One of the more specialized roles, a sniper/observer is especially skilled in field craft and marksmanship who will keep watch over the situation and neutralize a selected suspect with a single aimed rifle shot. In addition to assault skills, they learn:

  • Weapon safety
  • Ballistics: weight, velocity, energy, trajectory
  • Marksmanship: positioning, holding, pointing, aligning
  • Position: prone, sitting, kneeling, standing,
  • Weather / light conditions: sub-zero, snow, rain, wind, fog, cloud, heat, dawn, day, dusk, darkness
  • Cover and concealment, movement without detection
  • Target indication: arc and field of fire
  • Distance judgment
  • Image intensifiers
  • Map and compass
  • Communications

Helicopter Rappel Master

The ERT Rappel Master acts as the communication link between the flight crew and operational units aboard the aircraft and on the ground. The rappel master is responsible for the safe, swift, and efficient deployment of the assault group using signals to direct movement.
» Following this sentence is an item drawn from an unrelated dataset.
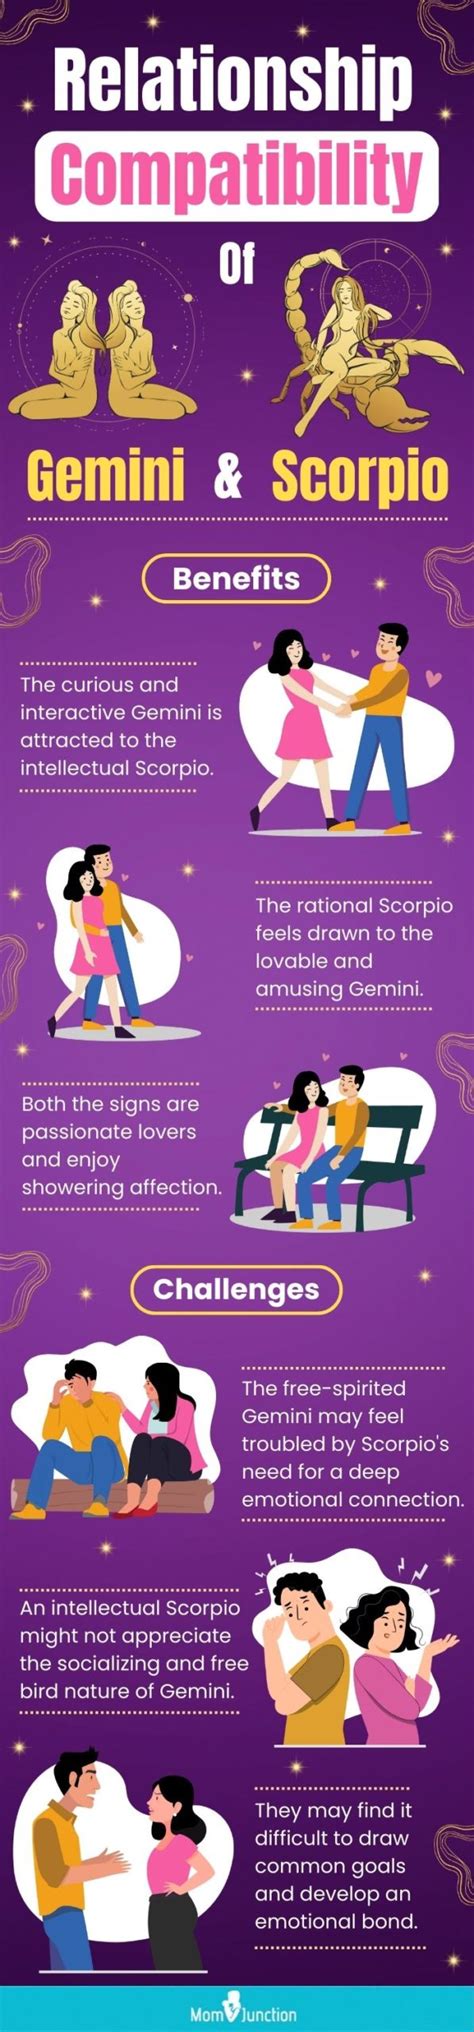 Gemini And Scorpio Love And Friendship Compatibility

In addition to Assaulter Training, they learn:

  • Ropecraft
  • Rappel anchor system
  • Fastrope
  • Telecommunications
  • Equipment assembly and installation
  • Tactical deployment methods

ERT Joint Operations

Depending on the circumstances, ERTs work as a separate unit or in cooperation with other RCMP special operations units including Tactical Troops, Proceeds of Crime, Drug Enforcement, Police Dog Service Teams, and Protective Services. ERTs also assist Government of Canada departments, such as Canada Border Services Agency, and join forces and share resources with other Canadian law enforcement agencies in the fight against crime.

Other Agencies' ERT

Several other law enforcement agencies employ tactical teams known as an ERT. Examples are the Ontario Provincial Police, the Correctional Service of Canada, the Vancouver Police Department, among others. The Greater Vancouver area in British Columbia, Canada, employs a Municipal Integrated Emergency Response Team. Both Nishnawbe Aski Police Service and Treaty Three Police Service are developing their own Emergency Response Teams.